◆ DATASET EXTRACT:
- - -
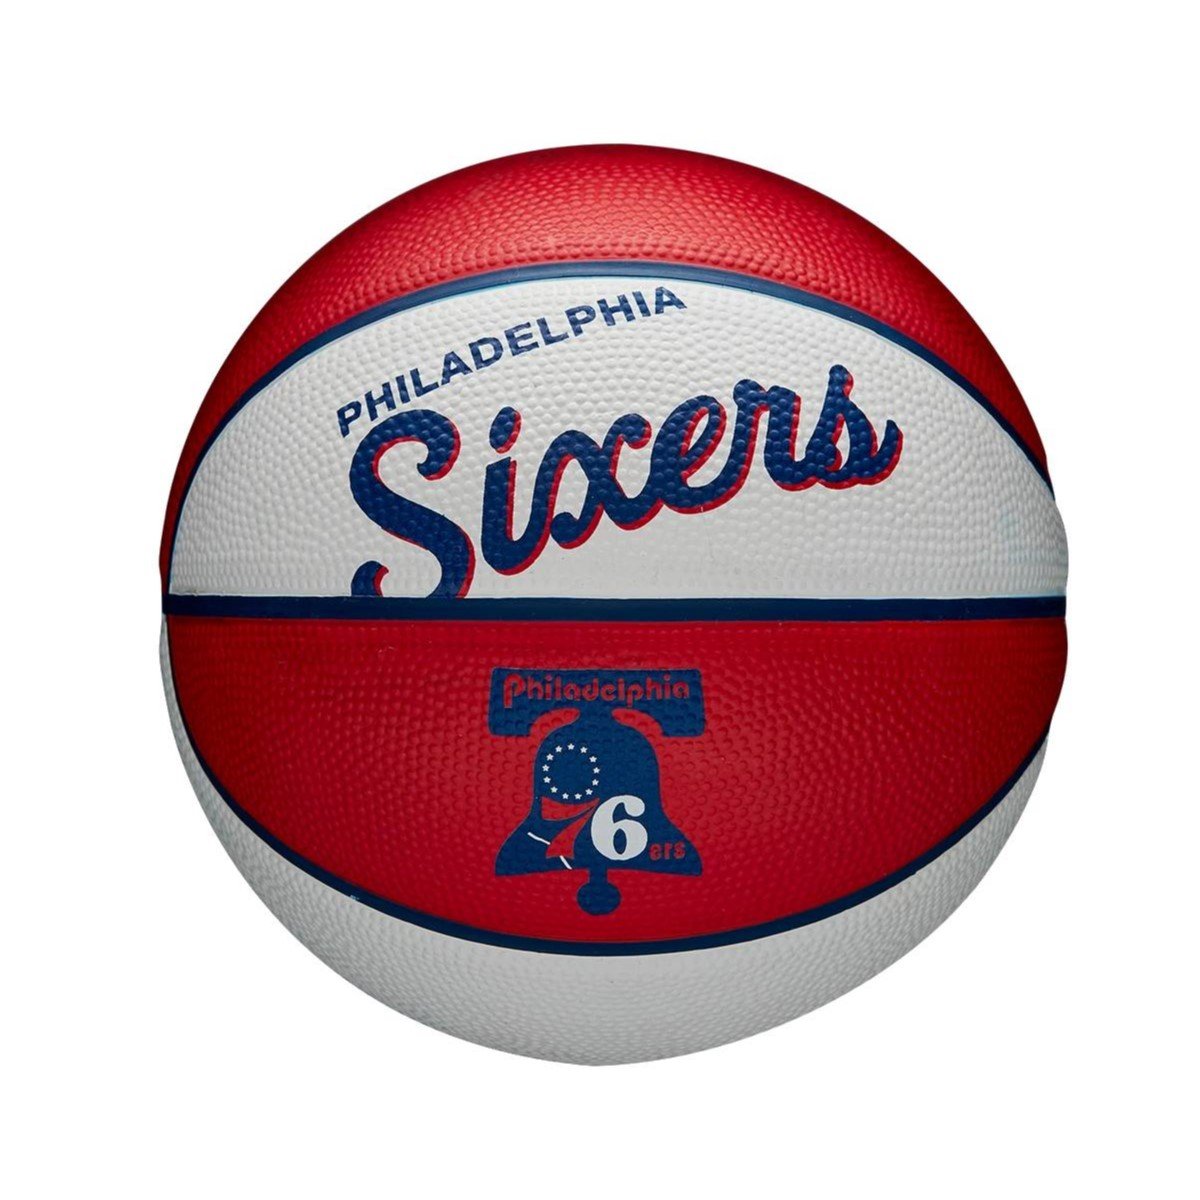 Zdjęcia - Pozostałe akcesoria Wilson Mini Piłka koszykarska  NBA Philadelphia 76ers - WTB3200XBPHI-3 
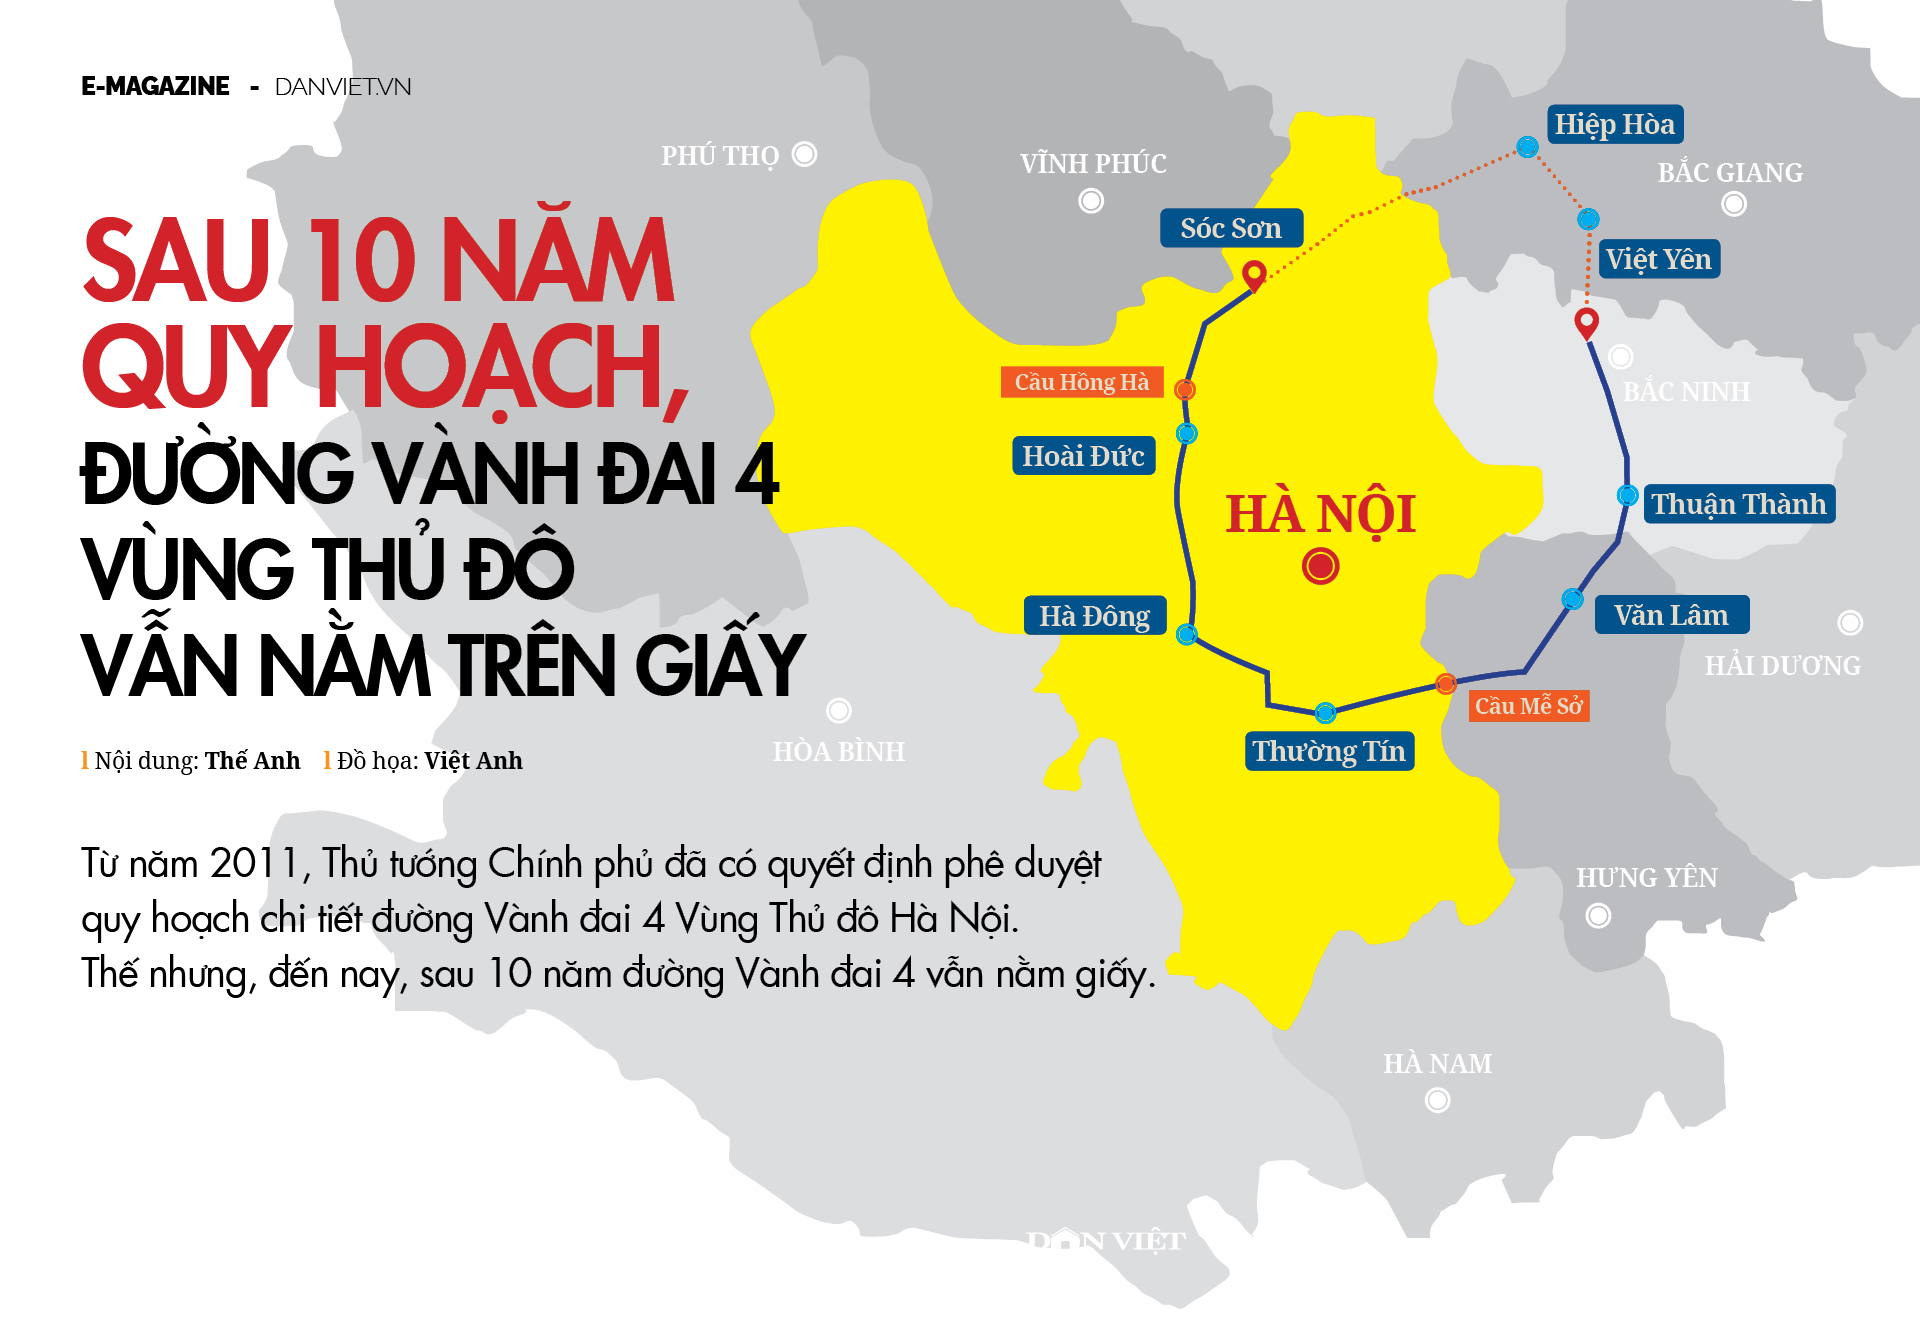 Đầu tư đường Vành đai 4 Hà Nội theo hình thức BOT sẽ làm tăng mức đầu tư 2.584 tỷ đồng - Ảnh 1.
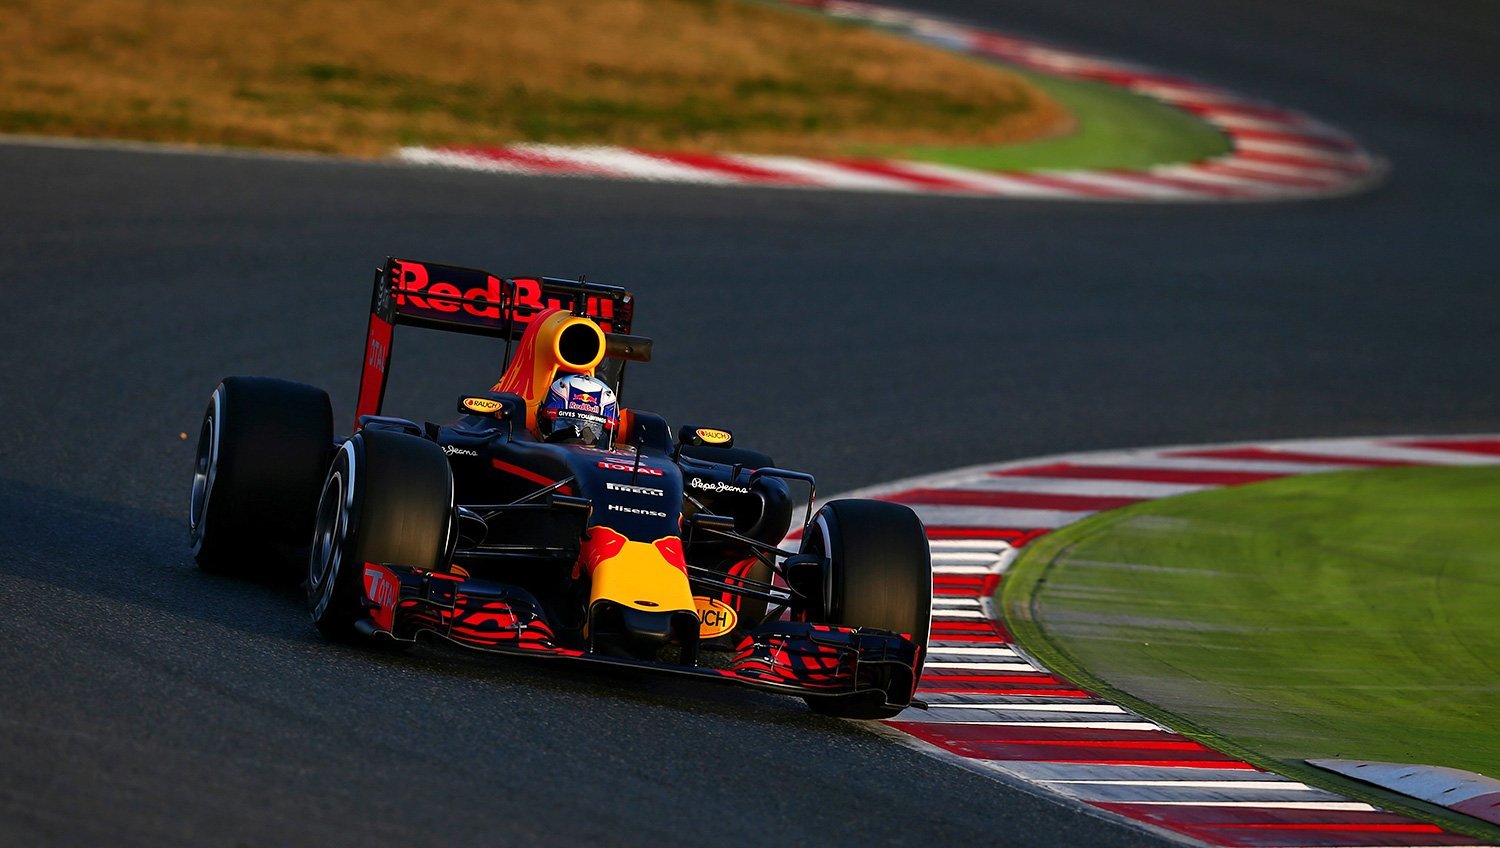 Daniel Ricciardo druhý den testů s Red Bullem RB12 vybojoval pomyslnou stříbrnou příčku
- - -
◆ WORK INSTRUCTIONS:
An exact, picture-free copy of the listing above is the goal; write it out now.

◆ EXERCISE SOLUTION:
 Zdjęcia - Pozostałe akcesoria Wilson Mini Piłka koszykarska  NBA Philadelphia 76ers - WTB3200XBPHI-3 
 Đầu tư đường Vành đai 4 Hà Nội theo hình thức BOT sẽ làm tăng mức đầu tư 2.584 tỷ đồng - Ảnh 1.
 Daniel Ricciardo druhý den testů s Red Bullem RB12 vybojoval pomyslnou stříbrnou příčku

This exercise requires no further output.